1. The immediate elimination of air from a food package (i.e., O2), ensures a long shelf life of any
perishable food product.)
2. It ensures good preservation.
3. Reduce the volume of the contents and package.
4. It ensures effective protection against accidental recontamination.
5. It helps in increasing the shelf life of the products by expelling oxygen.
6. Protect its quality and preserve its value.
7. Maintain its characteristics of color, flavor and nutritional value longer.
8. Vacuum packaging is the most common and is preferred on gas packaging as it is cheaper because it
does not involve the filling of any additional gases.
9. Vacuum packaging is more effective than modified atmosphere packaging (MAP) as it depends on the
product being packaged.
 Foods that are vacuum packaged

(1) Dry fruits, whole spices like cinnamon sticks, etc.


(2) Cheese, paneer, spices.
(3) Fish, meat.
(4) Baked goods.
(5) Fruits and vegetables.

 Foods that cannot be vacuum packaged

(1) Eggs (because it shell may get broken due to pressure.)
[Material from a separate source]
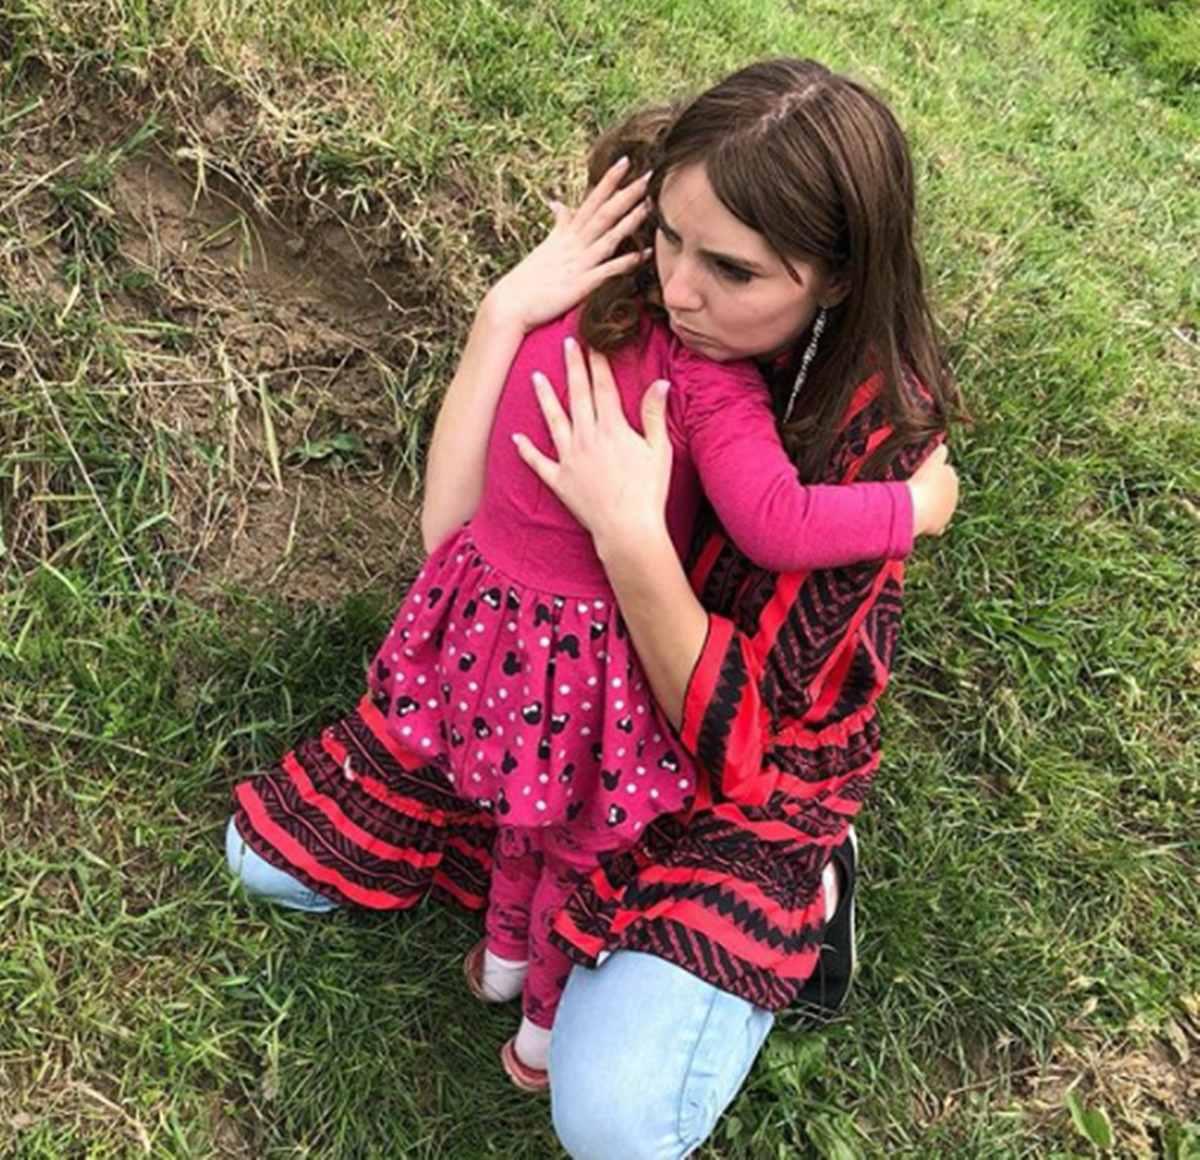 """Imagine emoționantă cu Vulpița îmbrățișându-și fiica! Tânăra și-a revăzut fetița după o lungă perioadă. """"O iubesc"""""""

(2) Liquids (because it may get sucked up by the nozzle.)
(3) Mushrooms.
(4) Skim milk product or dried milk powder.

 Advantages of vacuum packaging

(1) It substantially increases the shelf life.


(2) It provides barrier from external elements.
(3) It promotes clear and visible external packaging. It is quick and efficient.
(4) The product loss is reduced.
(5) It is an affordable packaging option.
(6) It is excellent even for low temperature.

 Disadvantages of vacuum packaging

(1) The external gases used can increase the cost.


(2) There may be loss of preservation, once the package is opened.

PROCEDURE

1. Set the conditions given on the main panel as vacuum (MPa); vacuum or aeration
towards the vacuum side of machine,
2. Set the vacuum time at 30 sec and aeration time nil.
3. For sealing the time should be set to 1 sec and the heating voltage by one unit.
4. Fill the sample in the packaging material and place it near nozzle.
5. Close the lid of vacuum packaging machine.
6. Observe the change in the packaging material from the transparent top lid of the machine.